SUPPLIED RECORDS:
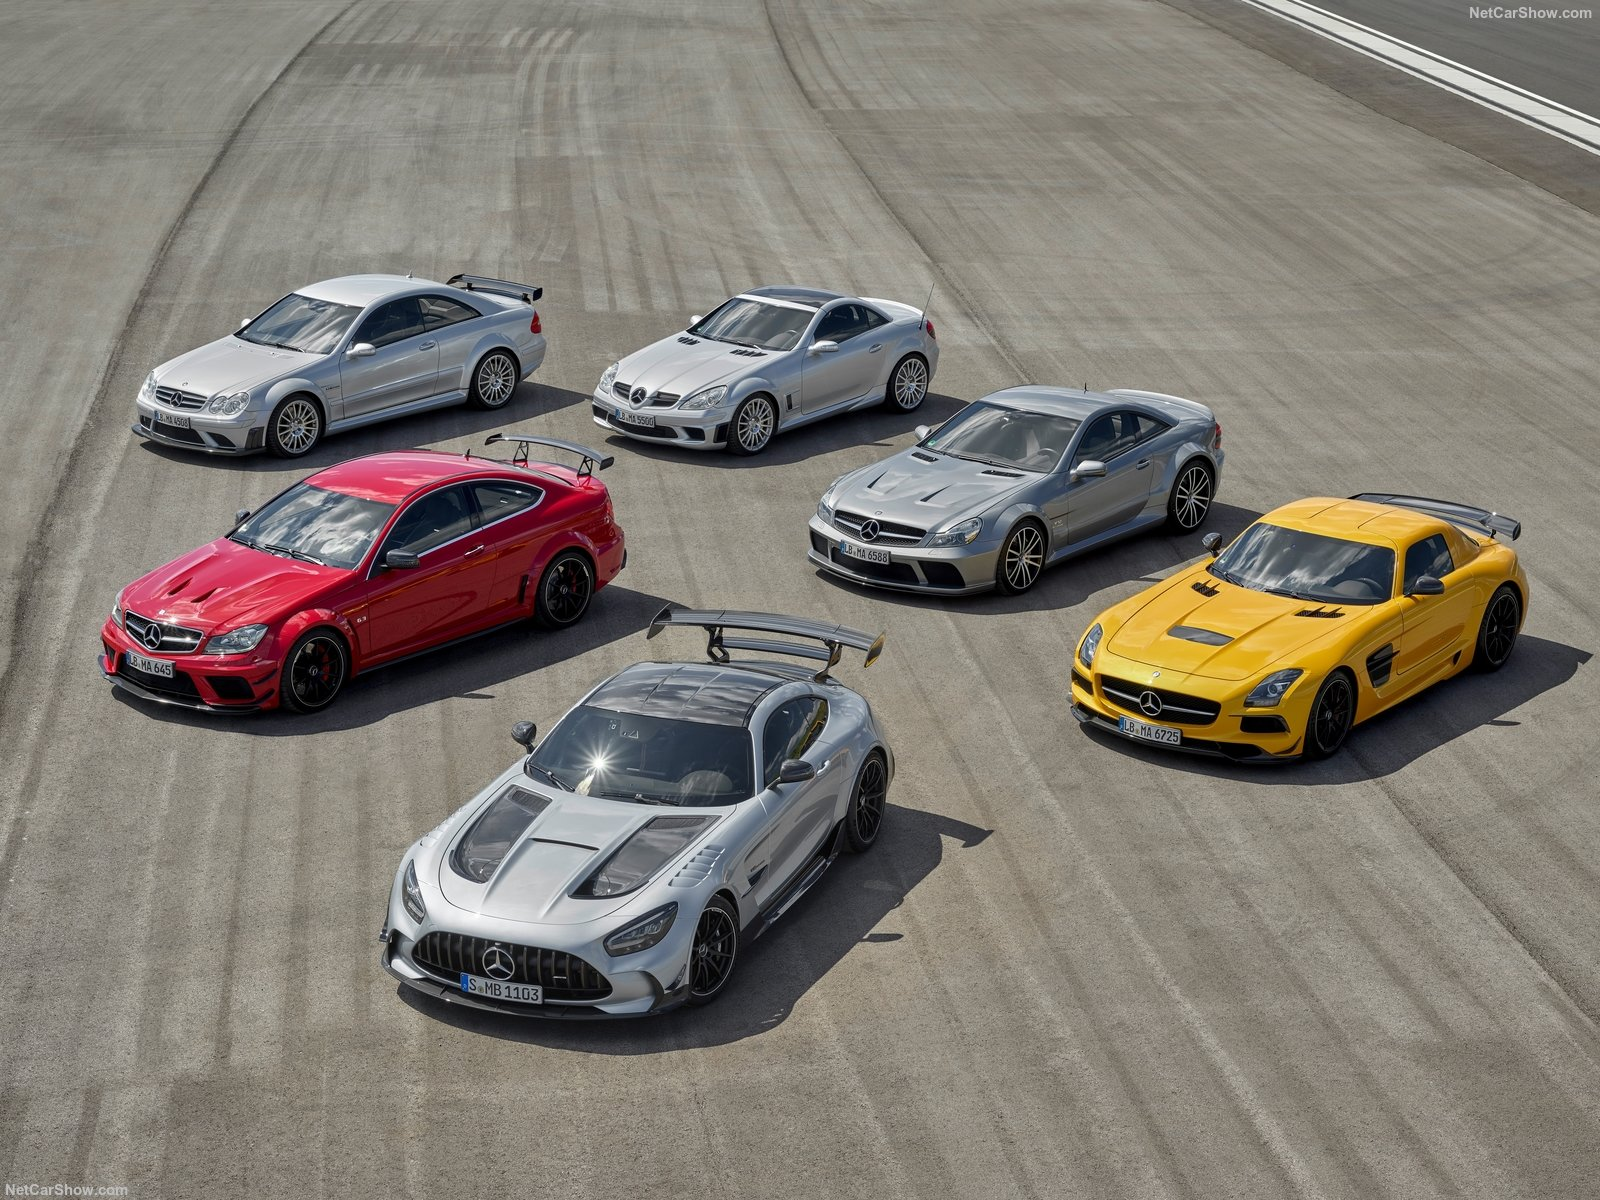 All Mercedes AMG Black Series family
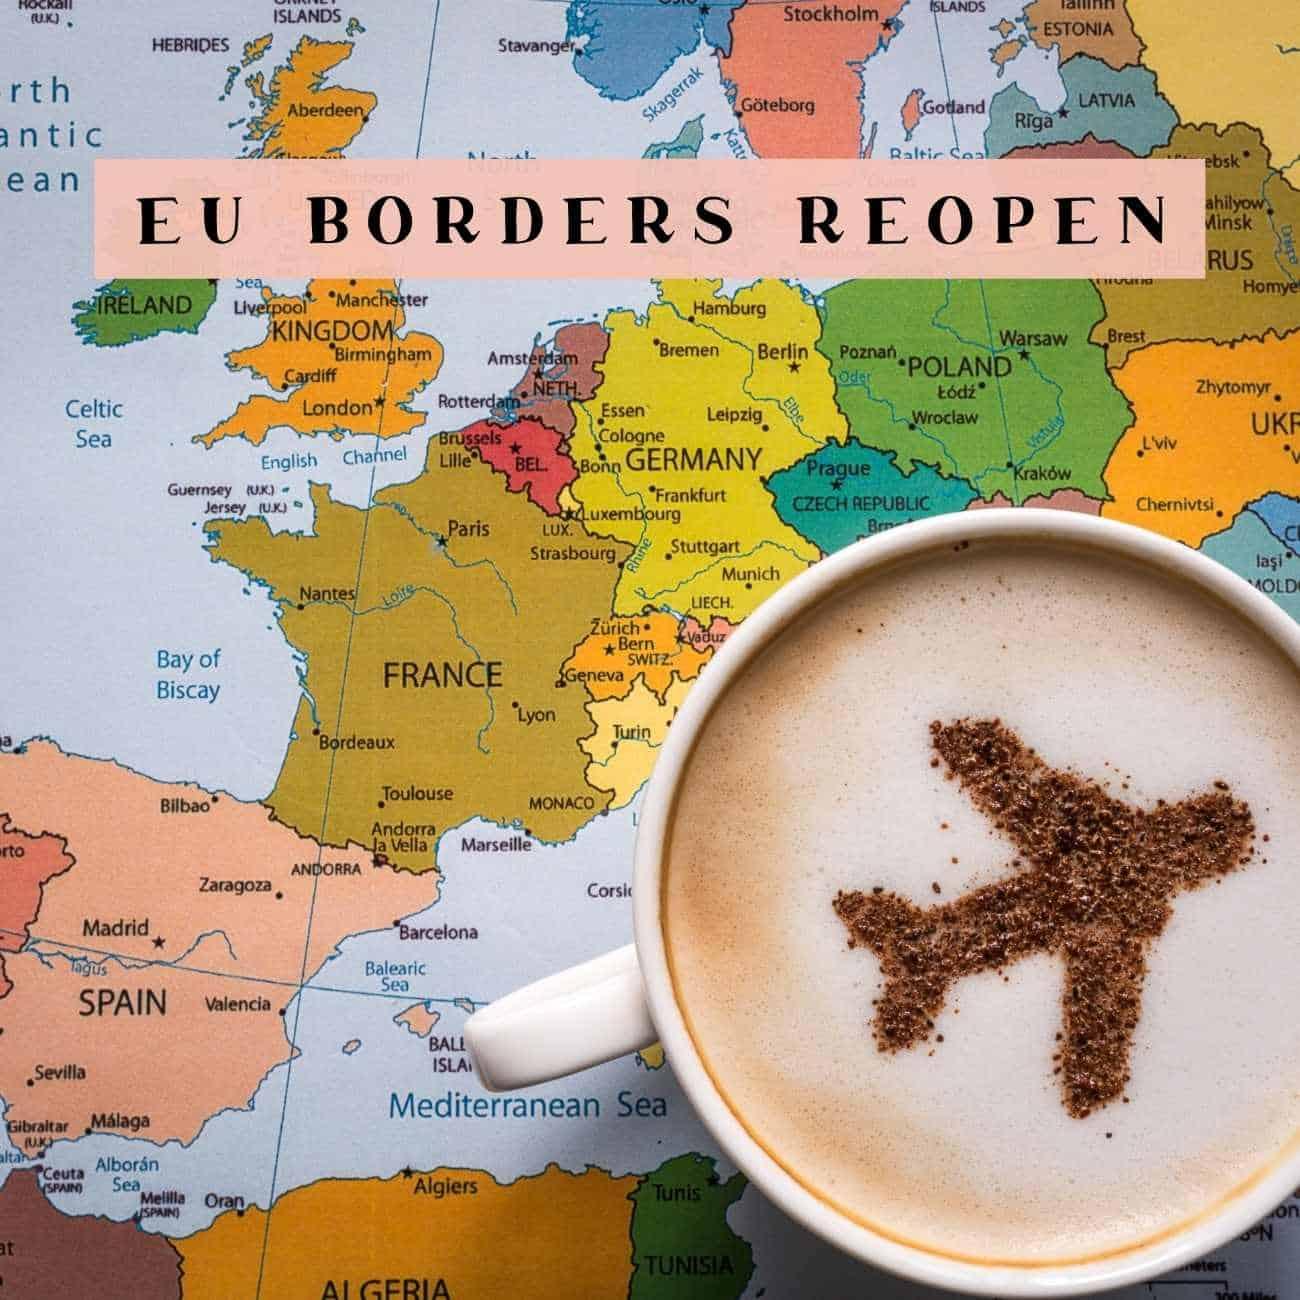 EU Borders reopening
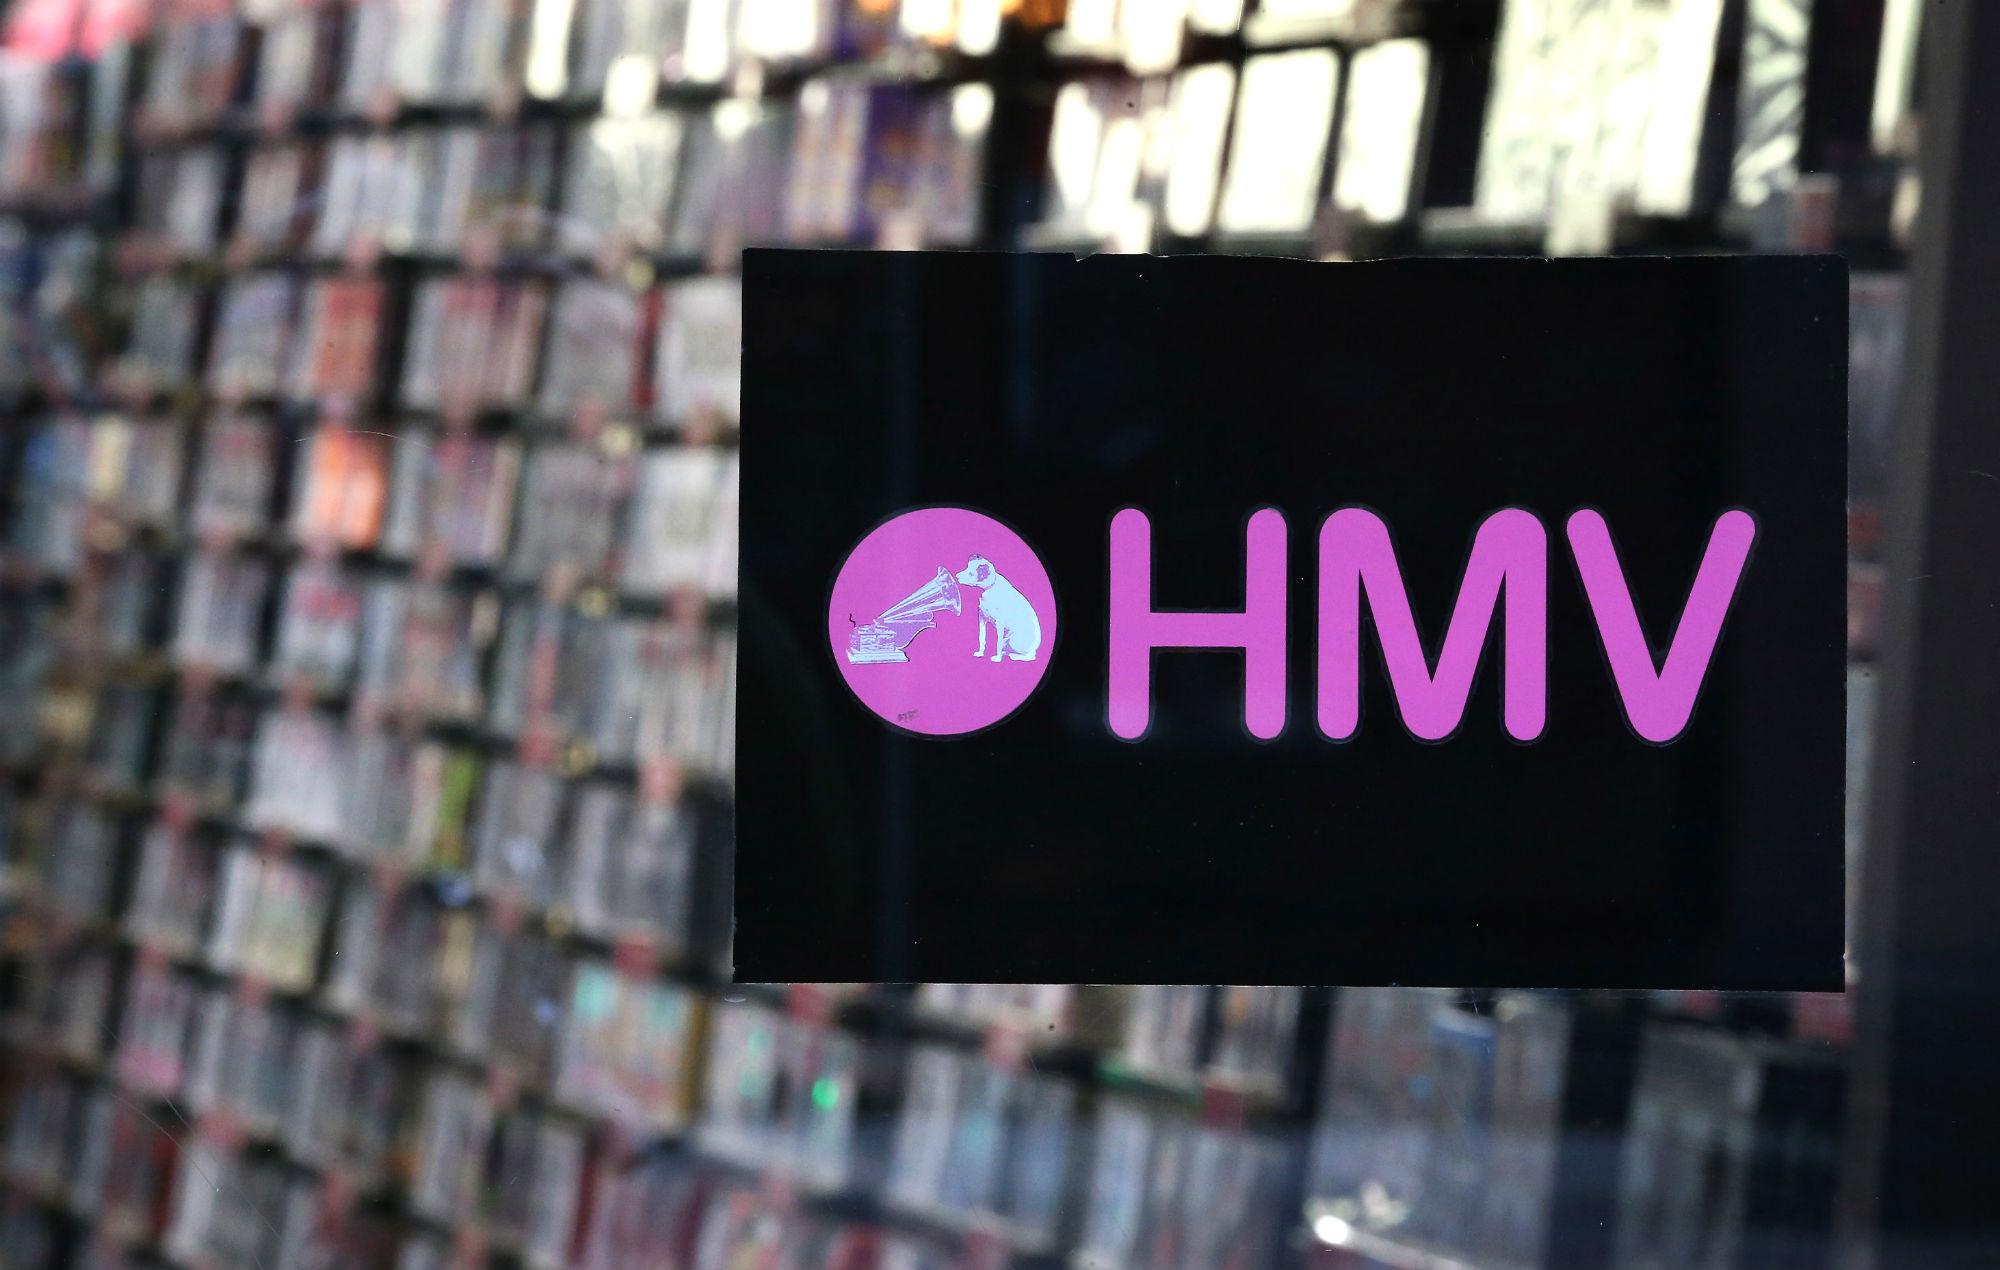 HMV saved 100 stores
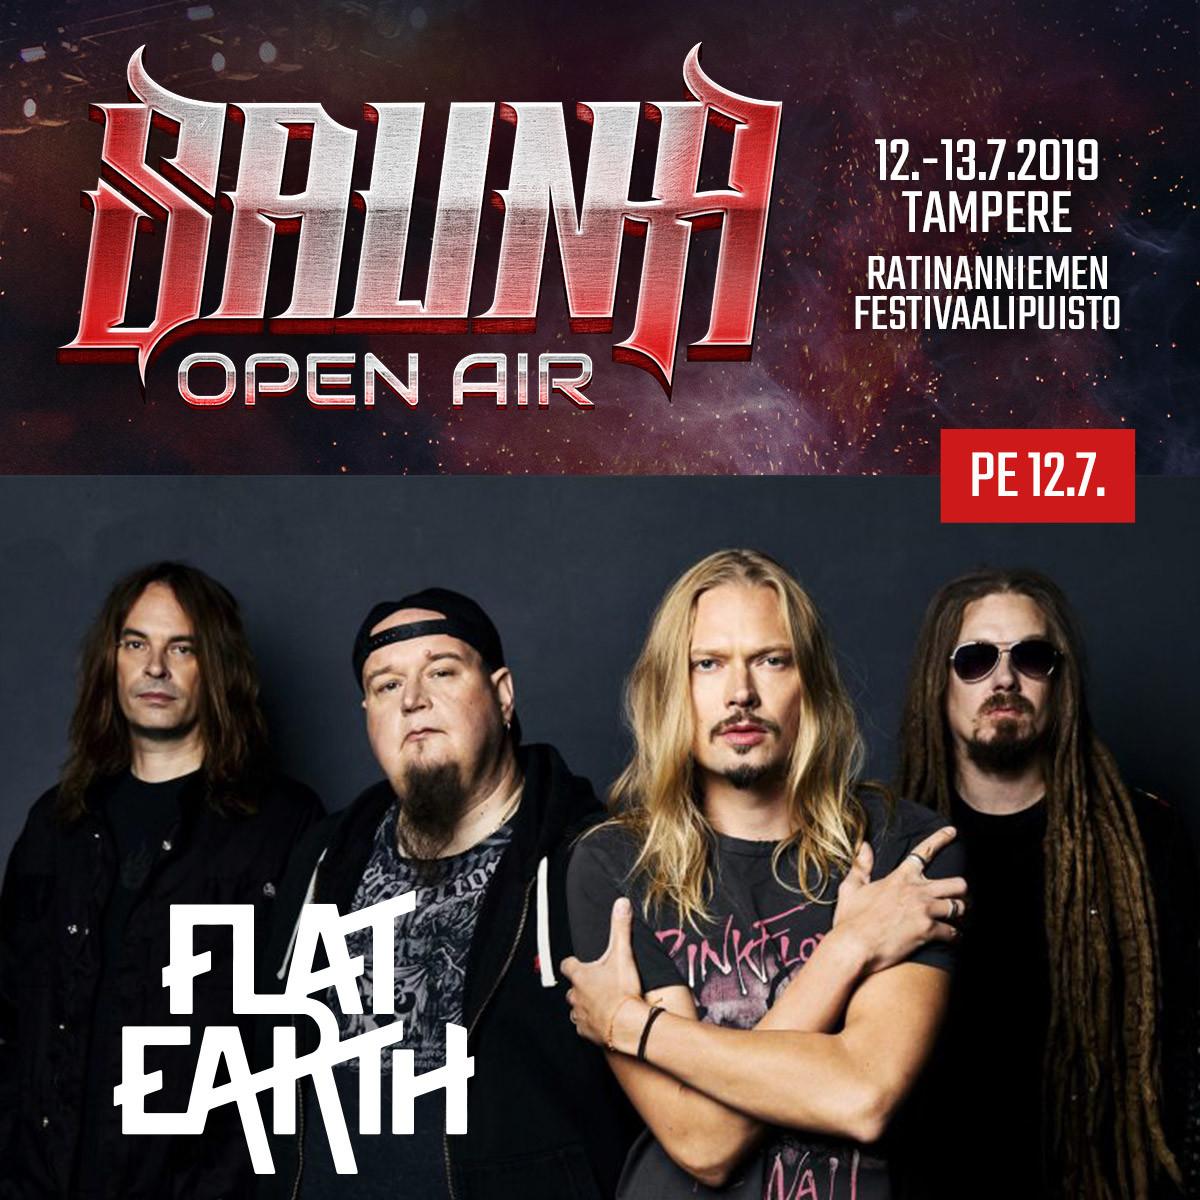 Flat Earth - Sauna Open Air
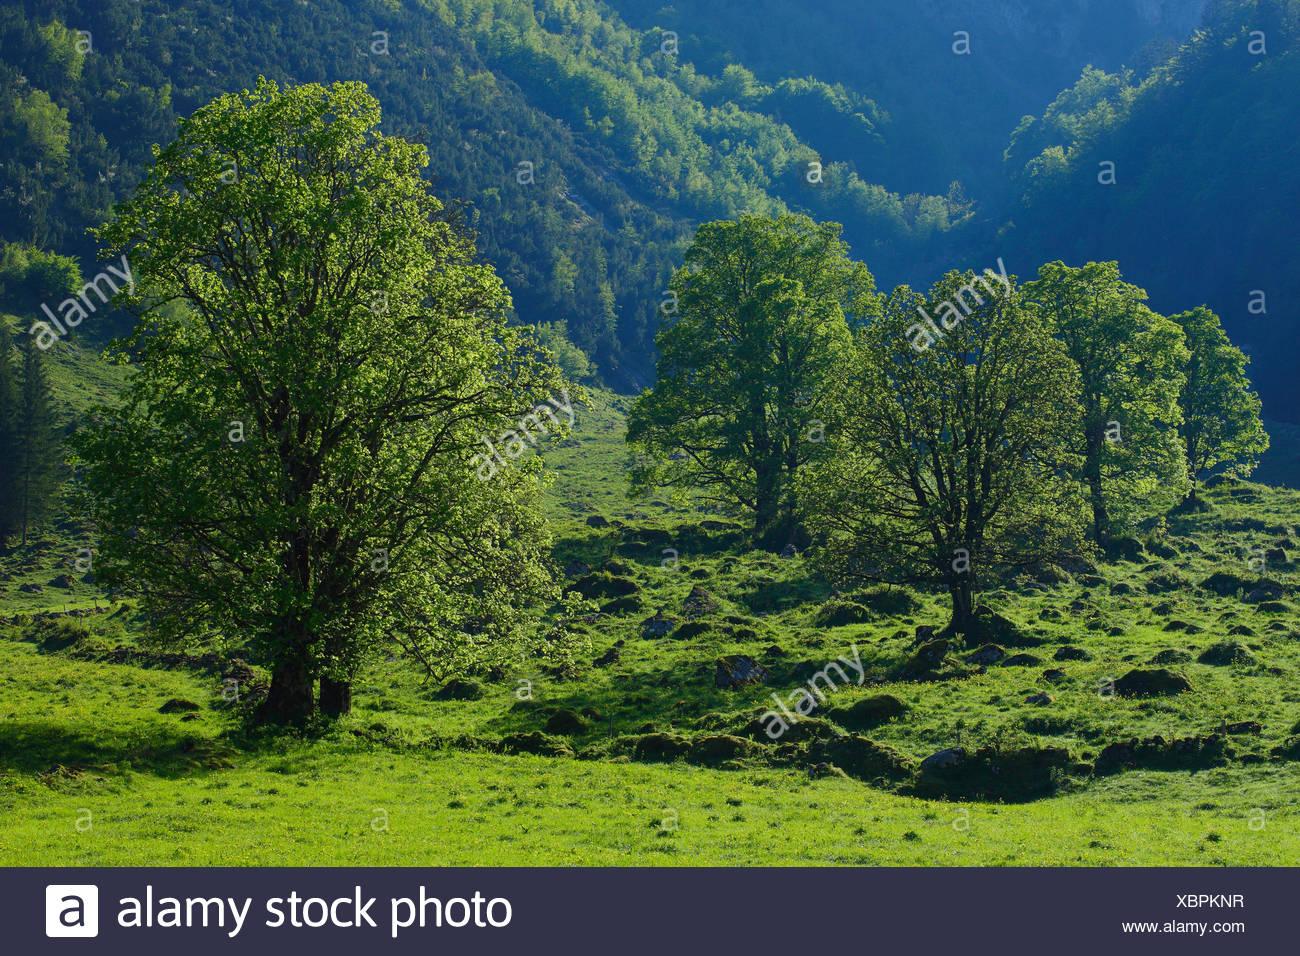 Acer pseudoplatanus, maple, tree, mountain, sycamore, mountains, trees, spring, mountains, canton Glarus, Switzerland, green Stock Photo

THE PROBLEM: Output, exactly and only, the lines beginning with the one that contains "Flat Earth - Sauna Open Air" and ending at the last line of the records above. Drop the pictures.

WRITTEN REPLY:
 Flat Earth - Sauna Open Air
 Acer pseudoplatanus, maple, tree, mountain, sycamore, mountains, trees, spring, mountains, canton Glarus, Switzerland, green Stock Photo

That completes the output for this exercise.